Thursday 18 October 2012

London Necropolis: West Norwood Cemetery

Highgate cemetery, in North London, might be famous for its Gothic tombs but before that was built West Norwood Cemetery, in South London, was created as the UK's first Gothic cemetery - and I think it is just as impressive.

Back in Victorian times there was a real problem of where to bury the dead. City graveyards were overflowing with corpses - quite literally. Seven magnificent new burial grounds, including West Norwood, were constructed around the edges of London to cope with the surfeit. The others were Kensal Green, Abney Park, Brompton, Nunhead, Tower Hamlets and Highgate. They became known as The Magnificent Seven Cemeteries.

Famous people buried at West Norwood include cookery writer Mrs Beeton, natural historian Gideon Mantell, inventor of the automatic machine gun Sir Hiram Maxim and potter Henry Doulton. You can see the inscription on the Doulton terracotta monument in the photo to the left. It states: "He discovered deep things out of darkness, And bringeth out to light the shadow of death." Sounds rather magical.

I visited West Norwood Cemetery on a sunny Sunday last month and took the photographs you can see on this page, as well as visiting an art installation called the Streetscape Carousel, which displayed silhouettes of the Magnificent Seven cemeteries on the walls within West Norwood's Greek Chapel.

I blogged about the carousel a couple of weeks ago, and you can see pictures of it here.

The small photo to the top right shows the outside of the Greek Chapel - an impressive neo-classical structure based on the Parthenon, which makes a striking contrast against the primarily Gothic architecture in the rest of the burial ground. These days, as well as still housing a working crematorium, the West Norwood cemetery distinguishes itself from rest of the Magnificent Seven by being an art venue.
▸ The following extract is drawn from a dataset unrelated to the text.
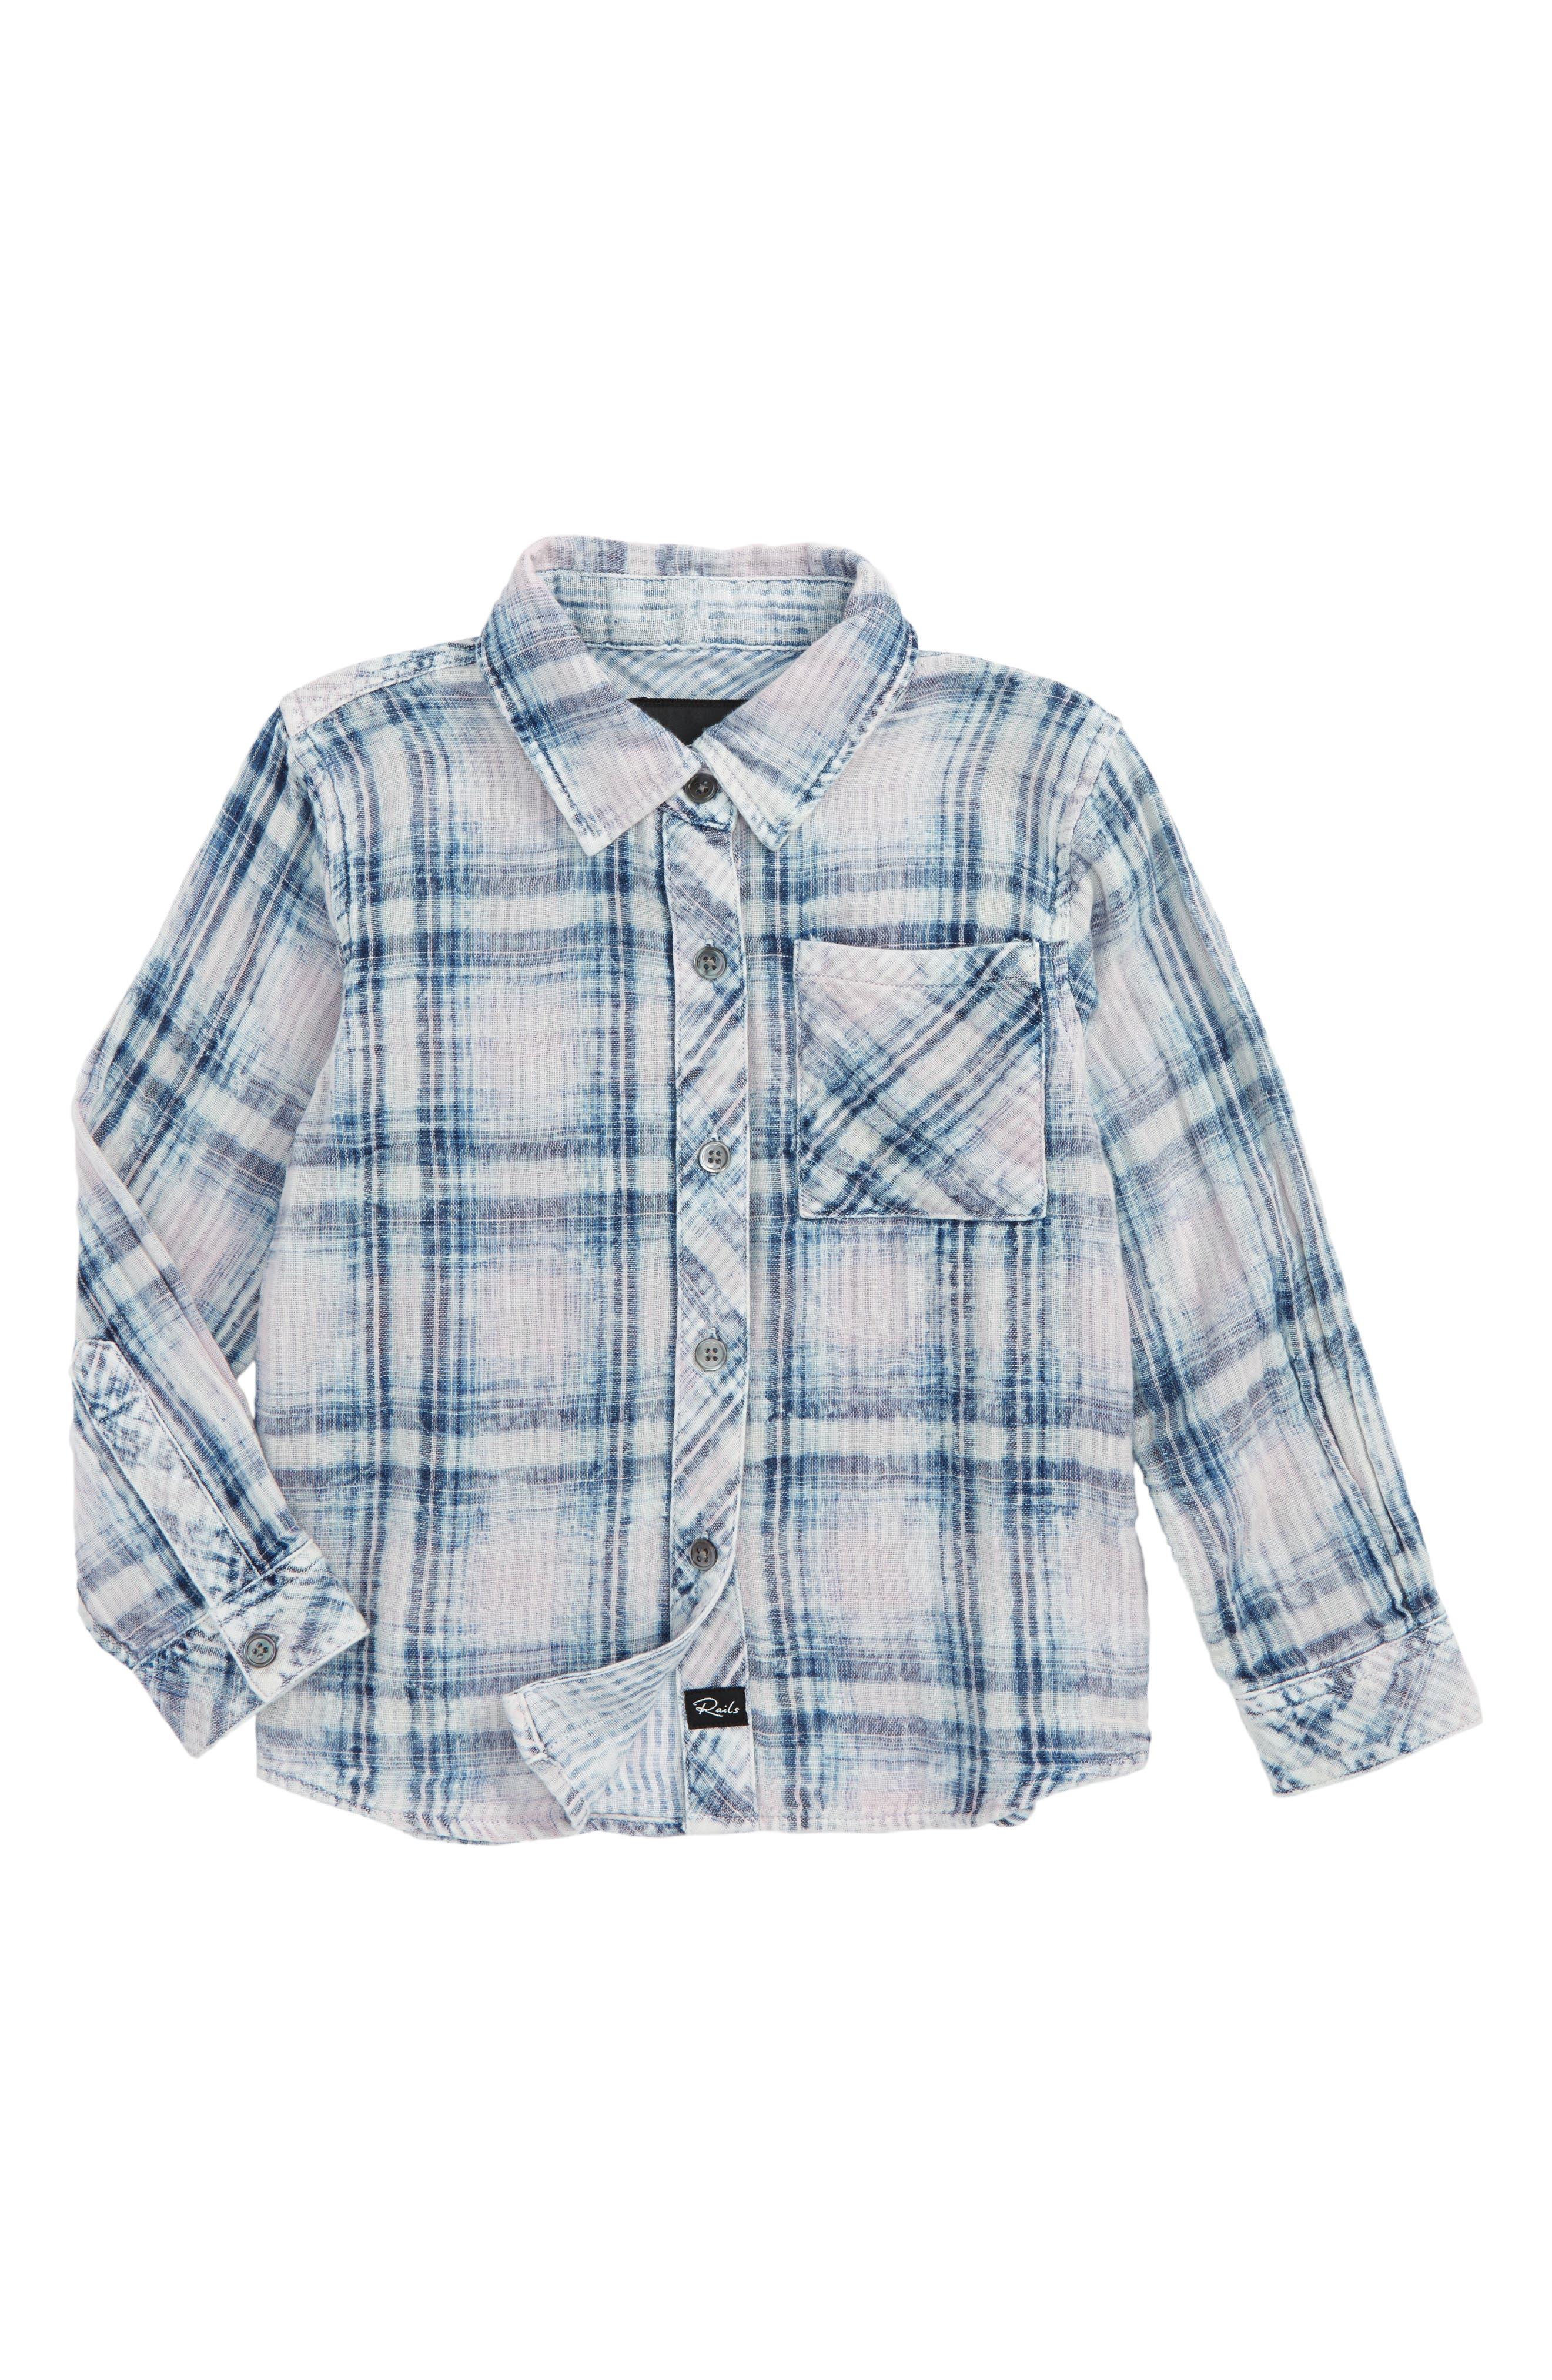 Hudson Plaid Shirt,                             Main thumbnail 1, color,                             400

One of the oddest things in West Norwood Cemetery, which took me quite by surprise when I spotted it, is a bus stop named "The Last Request". When I saw it, I was half expecting to then see some Harry Potter style magic bus turn up to take departing spirits on their journey off to the next world. I later learnt the bus stop was left from an art installation back in June, called The Curious Trail. The cemetery also hosts theatrical and musical productions as well as talks.

The next talk is on Saturday 17 November and could appeal to steampunk fans and other admirers of Victorian engineering. Paul Dobraszczyk of Reading University will be talking about Charles Henry Driver (1832-1900), a Victorian architect who designed many railway stations and, with Bazalgette, designed Crossness and Abbey Mills pumping station.

Dr Dobraszczyk is the author of a book calledInto the Belly of the Beast: Exploring London's Victorian Sewers.

The Friends of West Norwood Cemetery, who help organise and run the artistic and literary events at the cemetery, love people to visit it to admire the wonderful architecture even when there aren't special exhibitions or talks taking place. And Hallowe'en, or Samhain as pagans call it, would be the perfect time for a walk amongst the Gothic tombs to admire their beauty and to pay respects to those buried there.